- [DATA EXCERPT]
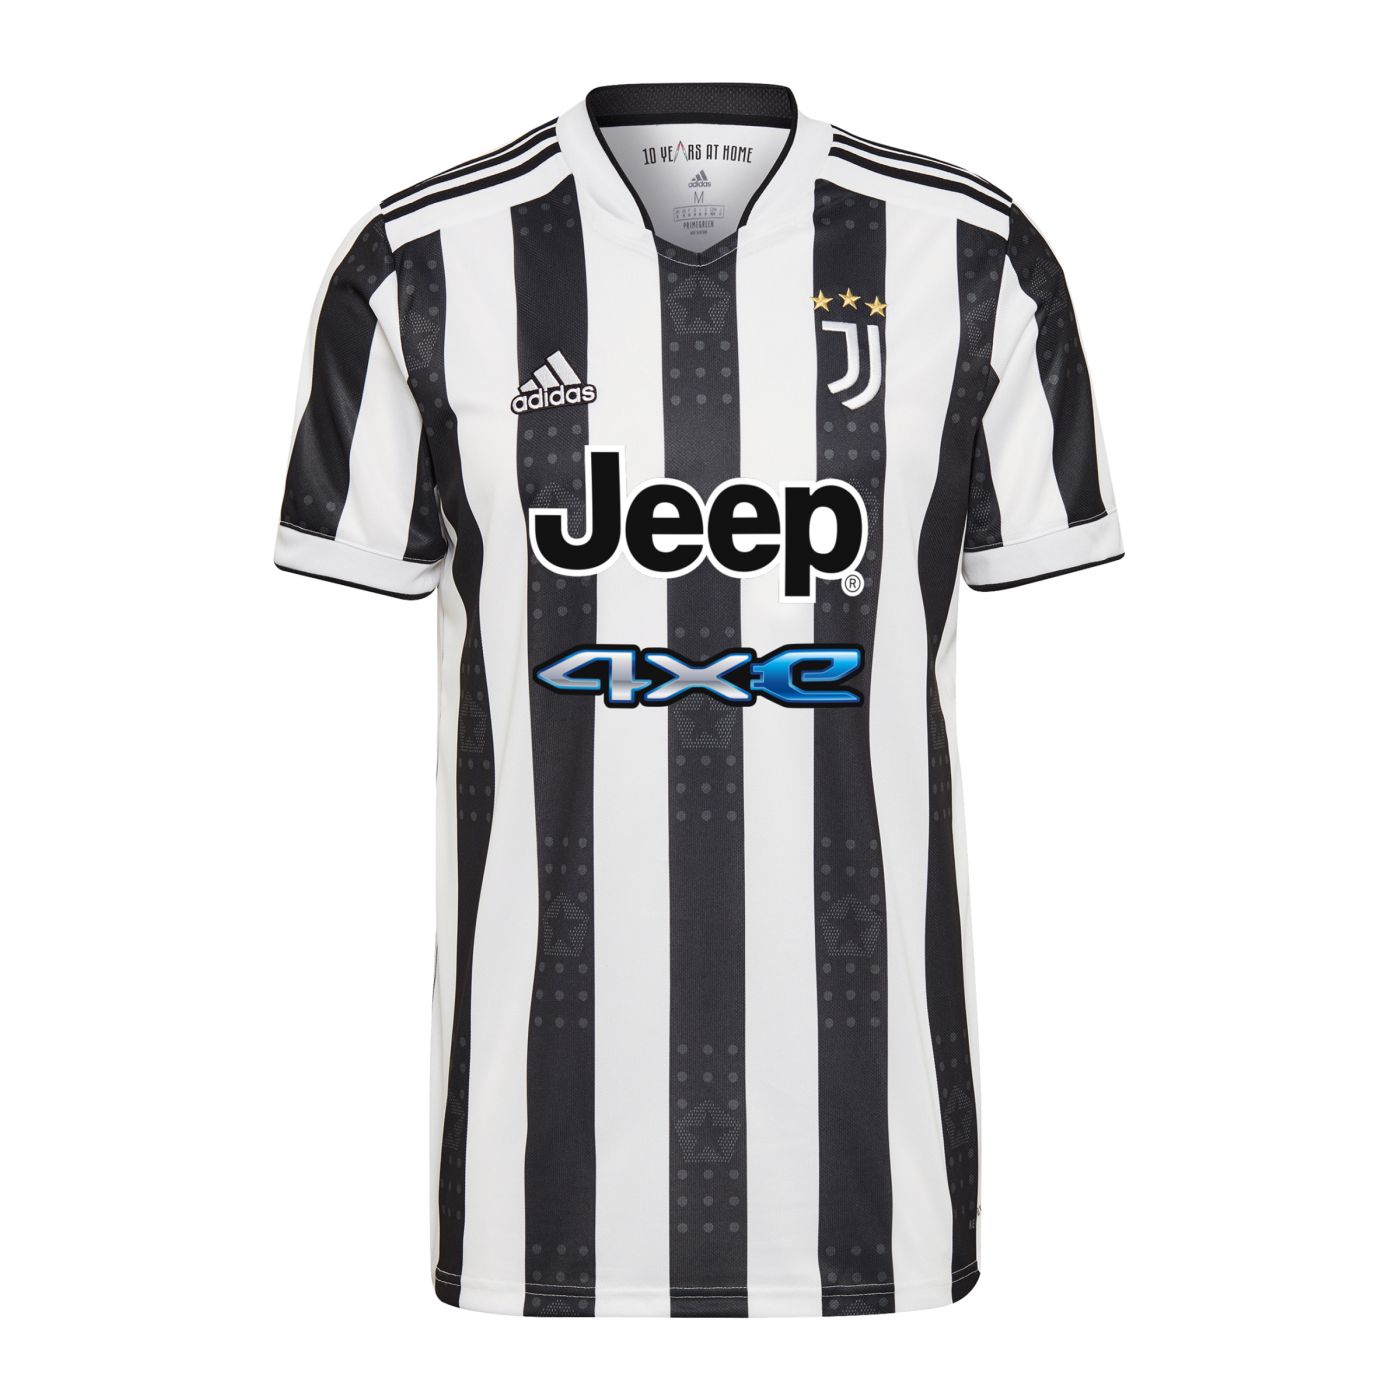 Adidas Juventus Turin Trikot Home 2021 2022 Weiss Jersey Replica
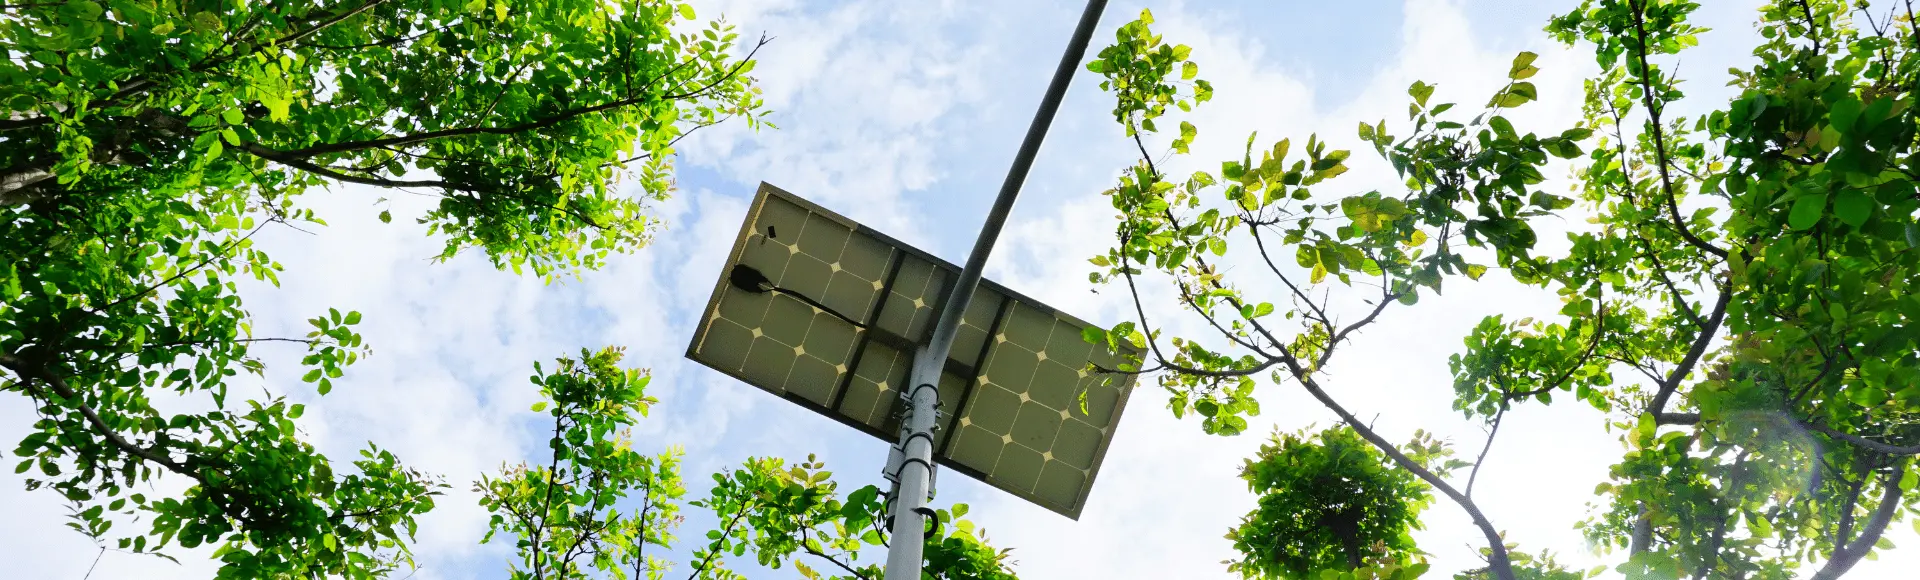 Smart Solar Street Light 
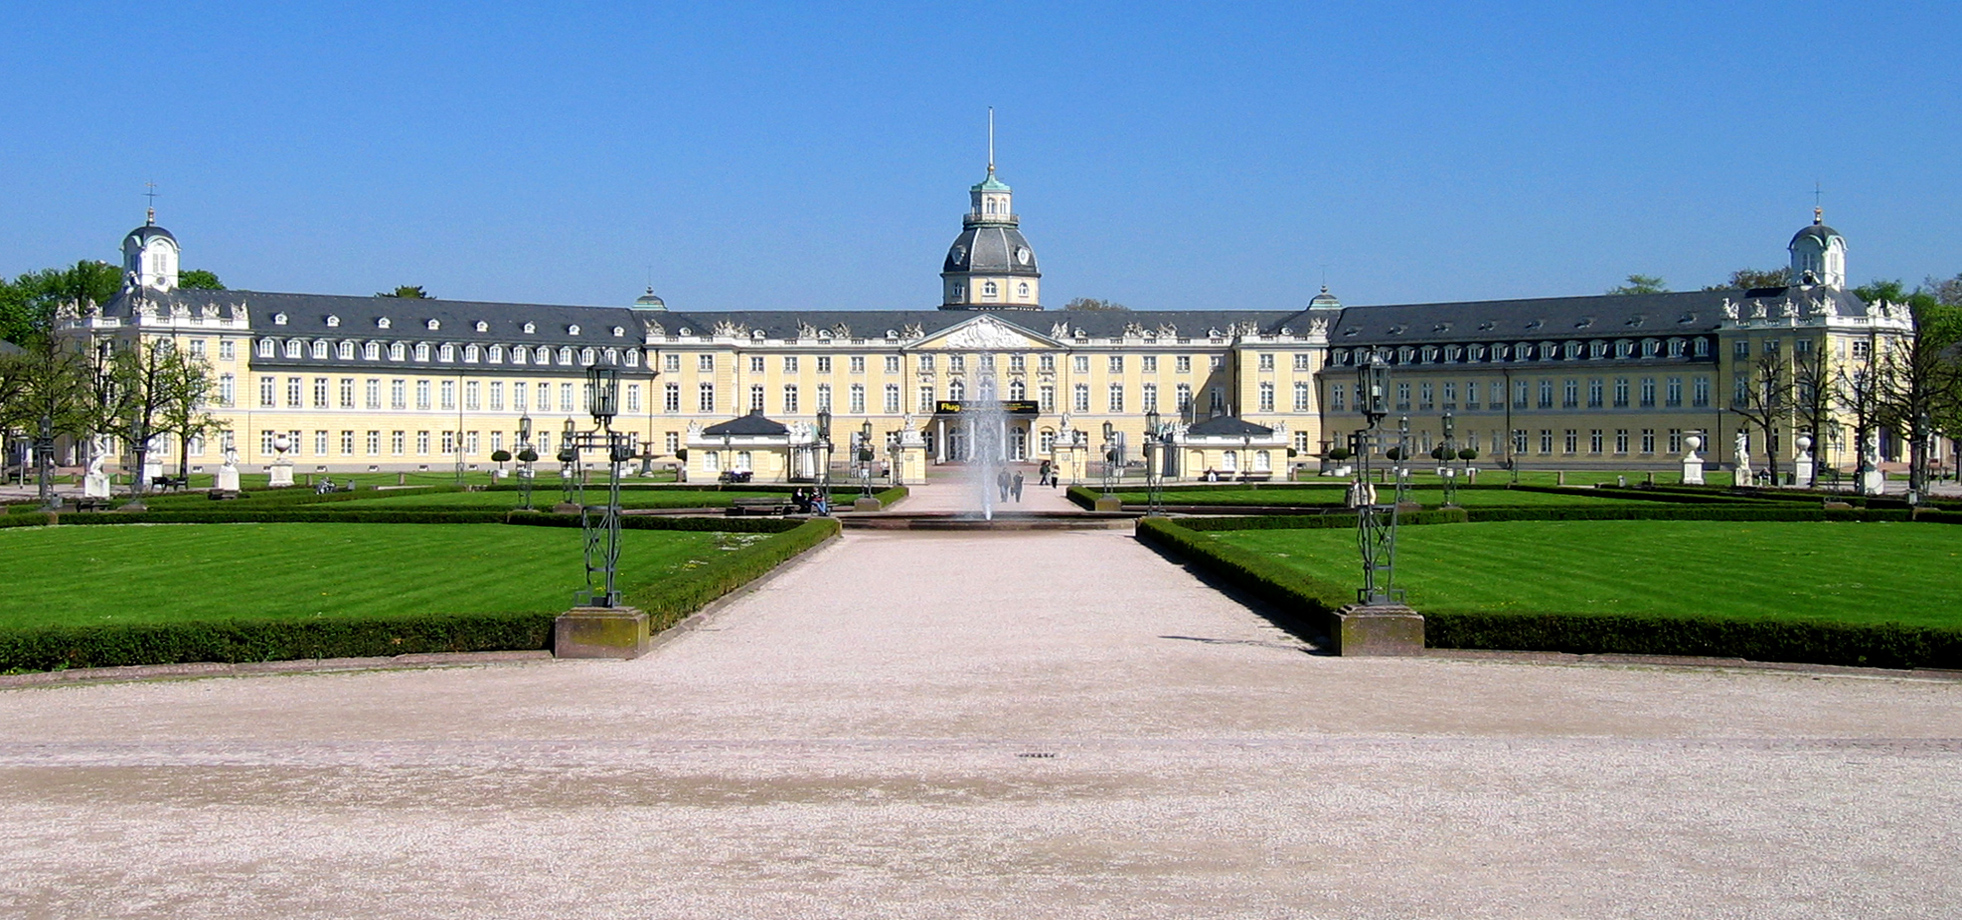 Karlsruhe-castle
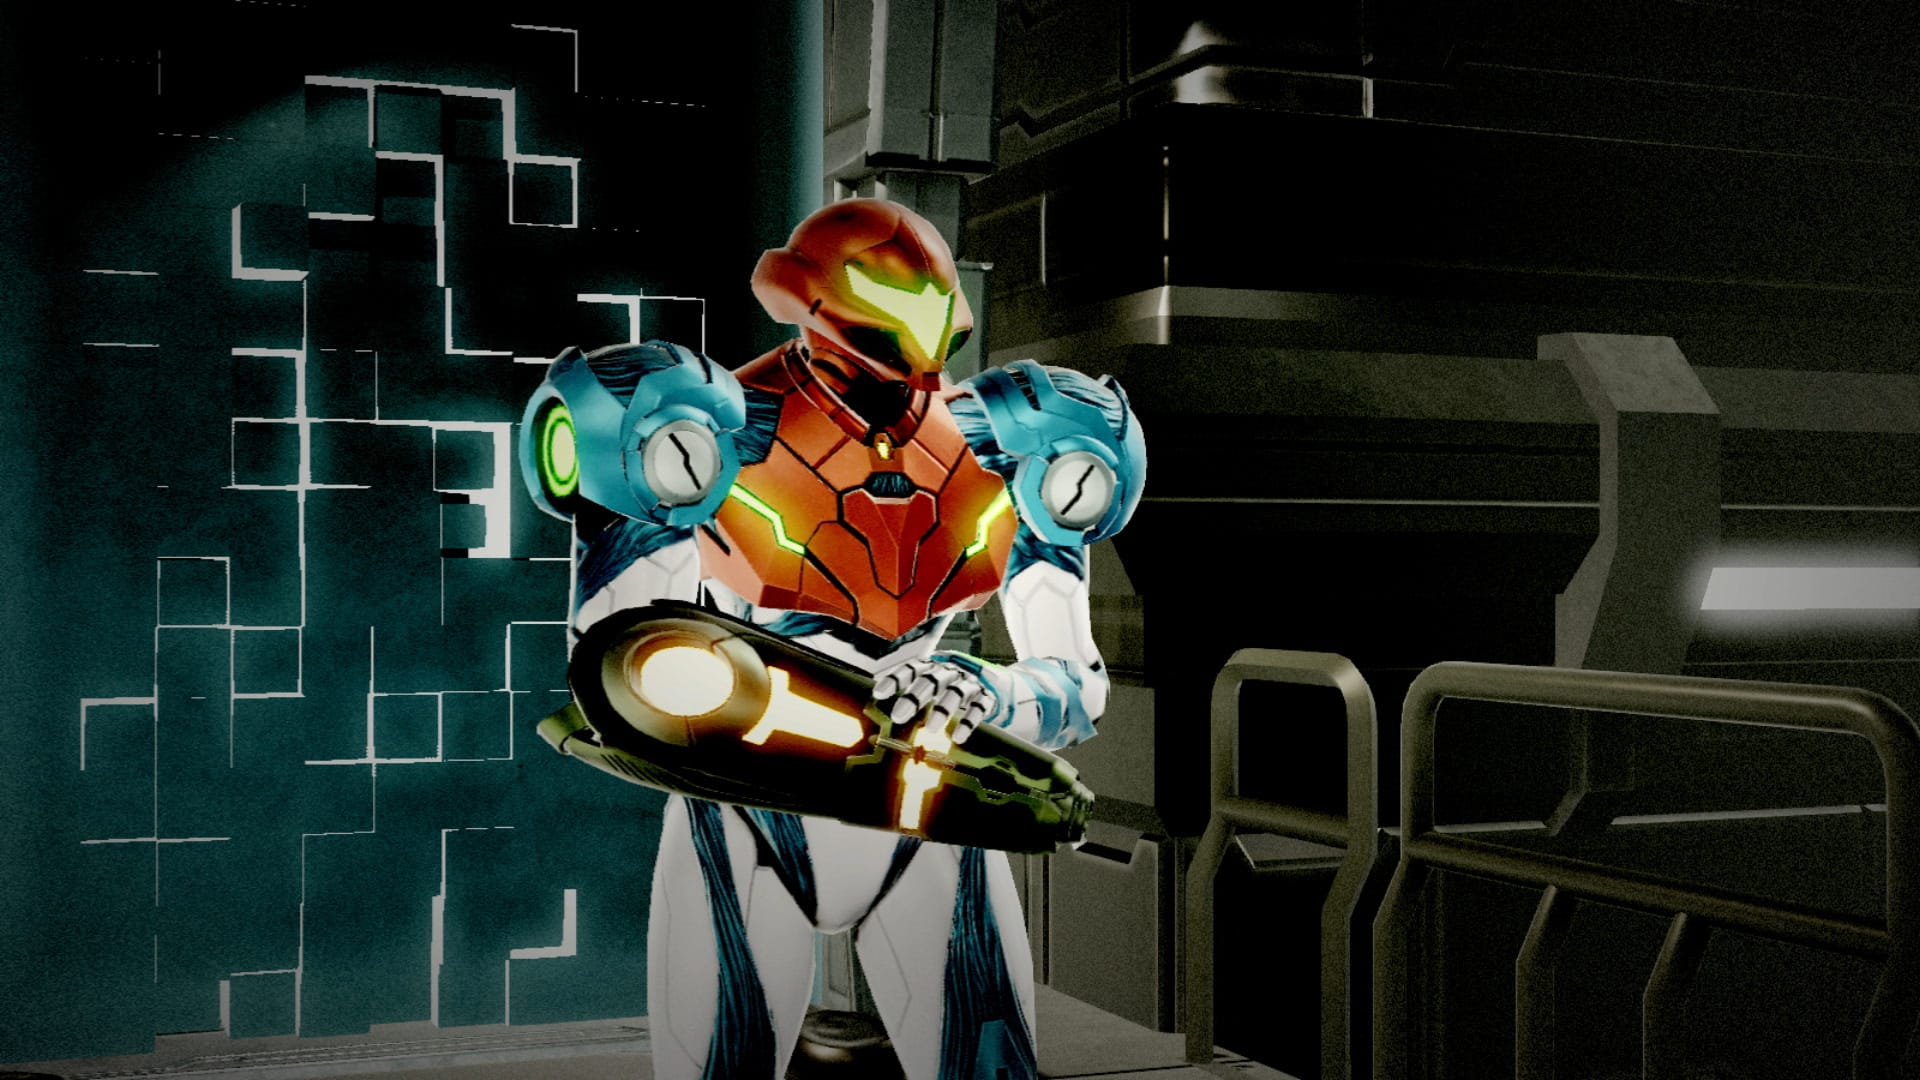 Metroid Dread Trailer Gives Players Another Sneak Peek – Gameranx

- [WORK INSTRUCTION] The lines from the one with "Smart Solar Street Light" to the end of the data above should be retyped exactly, both ends included, and pictures are to be left out.

- [RESPONSE AREA]
 Smart Solar Street Light 
 Karlsruhe-castle
 Metroid Dread Trailer Gives Players Another Sneak Peek – Gameranx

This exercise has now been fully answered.